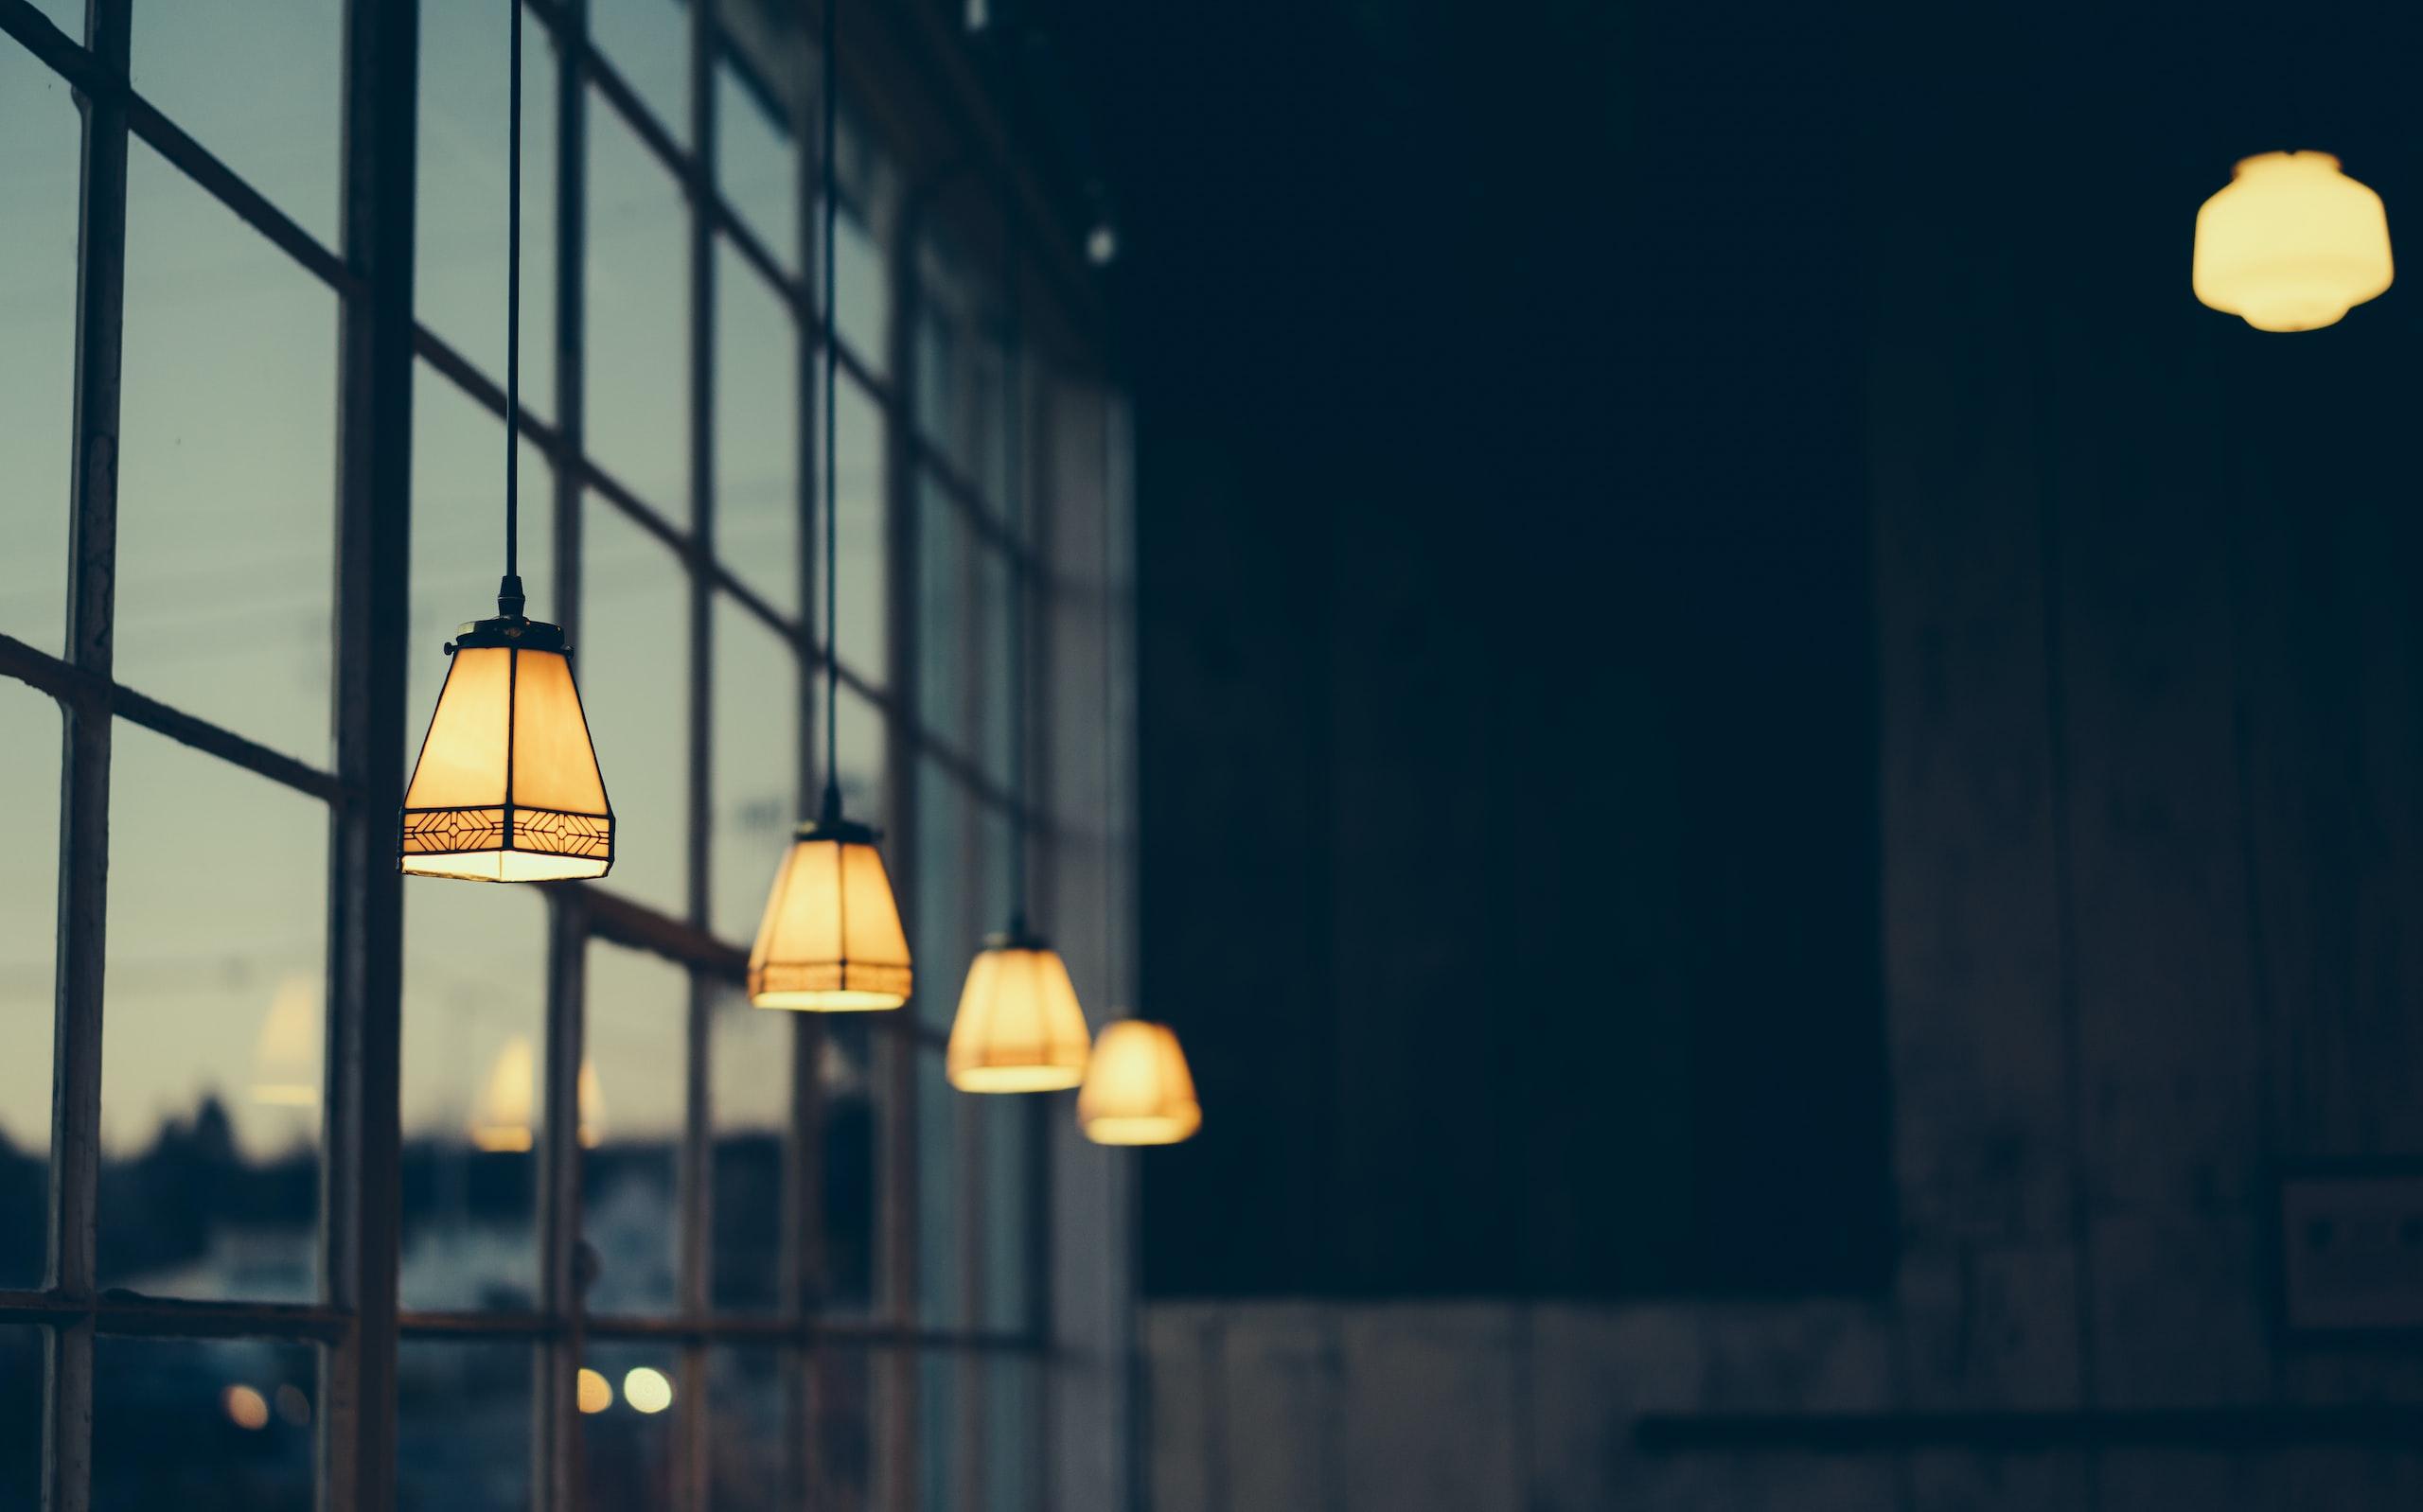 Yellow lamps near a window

++++

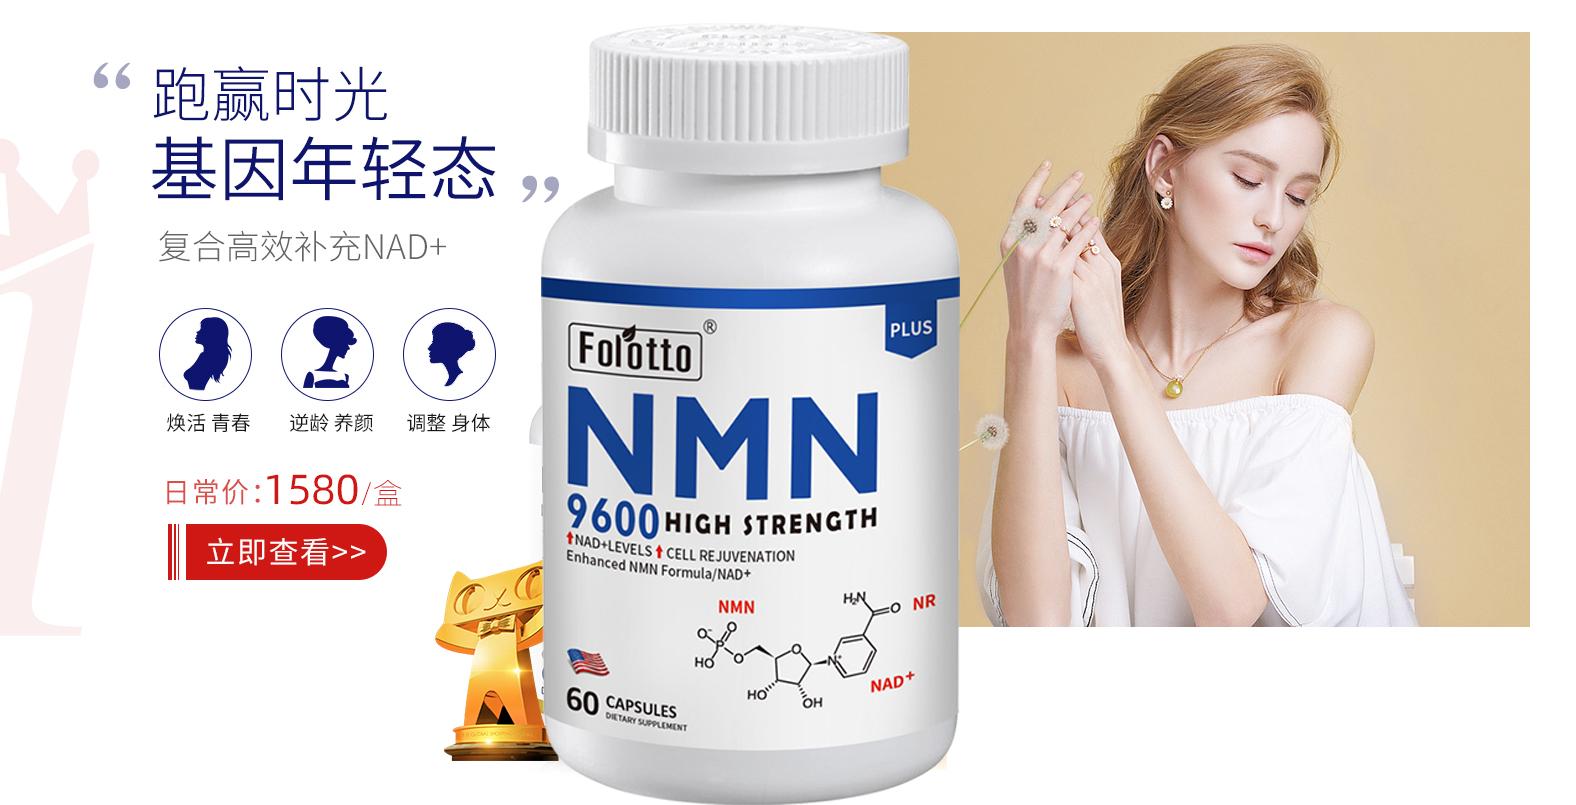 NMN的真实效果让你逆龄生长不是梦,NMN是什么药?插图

++++

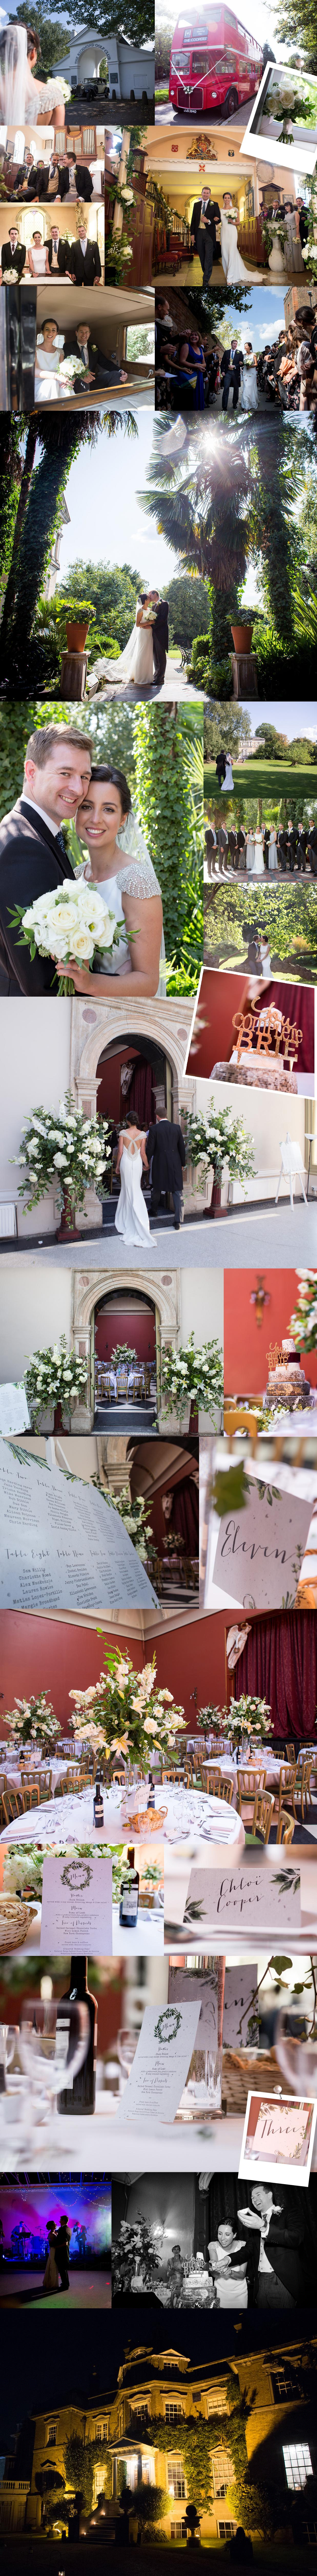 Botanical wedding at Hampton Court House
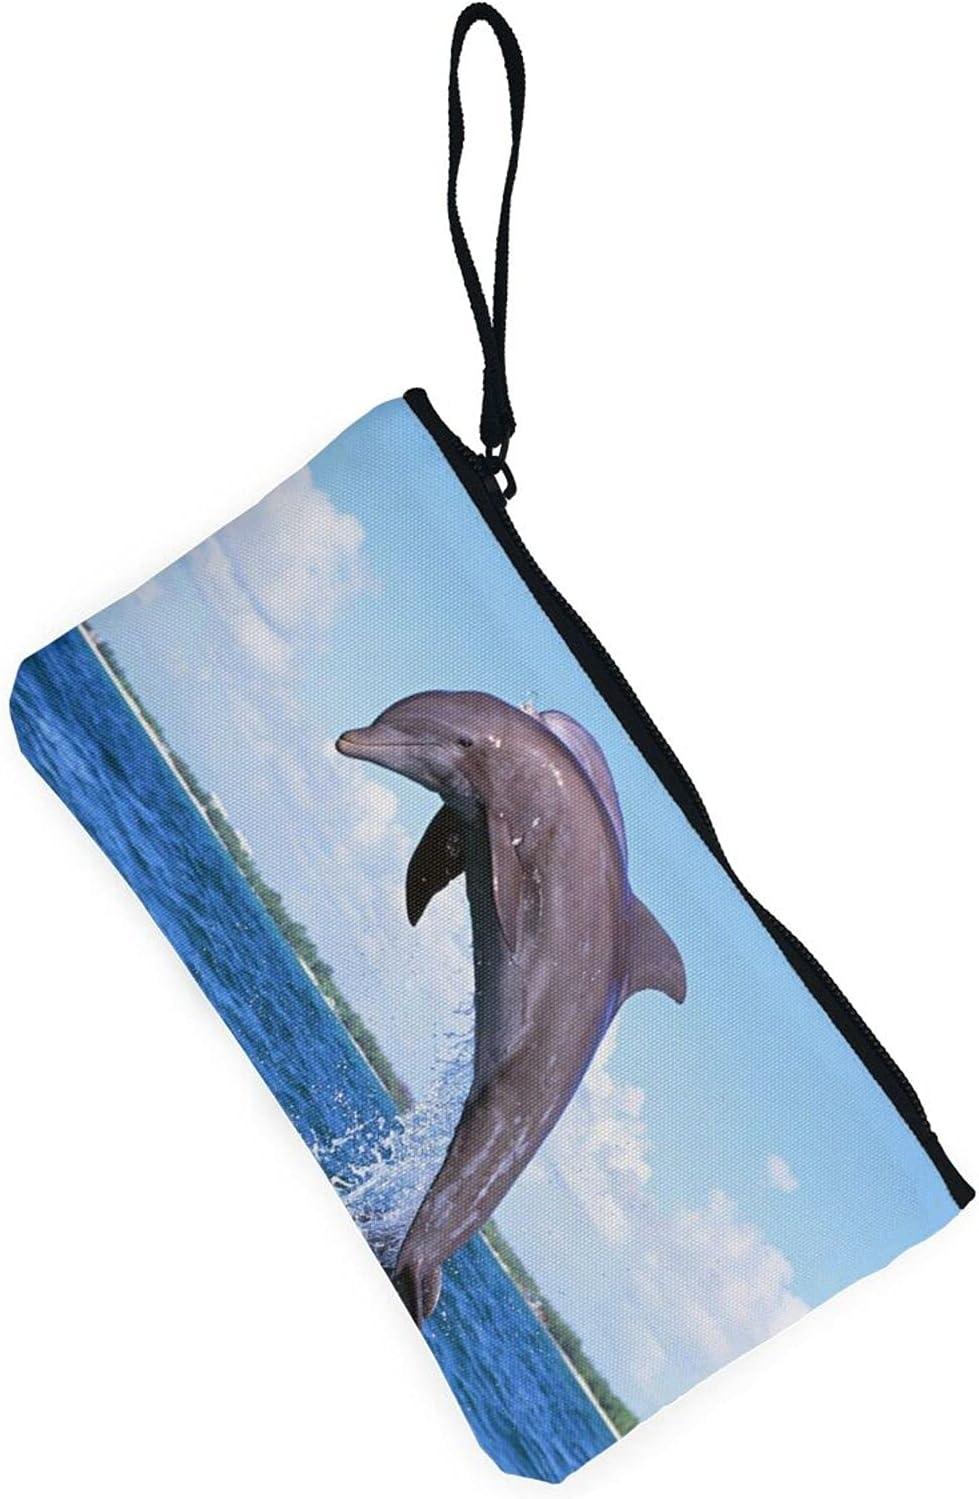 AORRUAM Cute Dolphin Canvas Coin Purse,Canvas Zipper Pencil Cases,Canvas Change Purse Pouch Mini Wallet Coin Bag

++++

Lines wanted from the entries above: the one with "Botanical wedding at Hampton Court House", the one with "AORRUAM Cute Dolphin", and all lines between. Please copy them exactly, without the pictures and without anything else.

REPLY -
 Botanical wedding at Hampton Court House
 AORRUAM Cute Dolphin Canvas Coin Purse,Canvas Zipper Pencil Cases,Canvas Change Purse Pouch Mini Wallet Coin Bag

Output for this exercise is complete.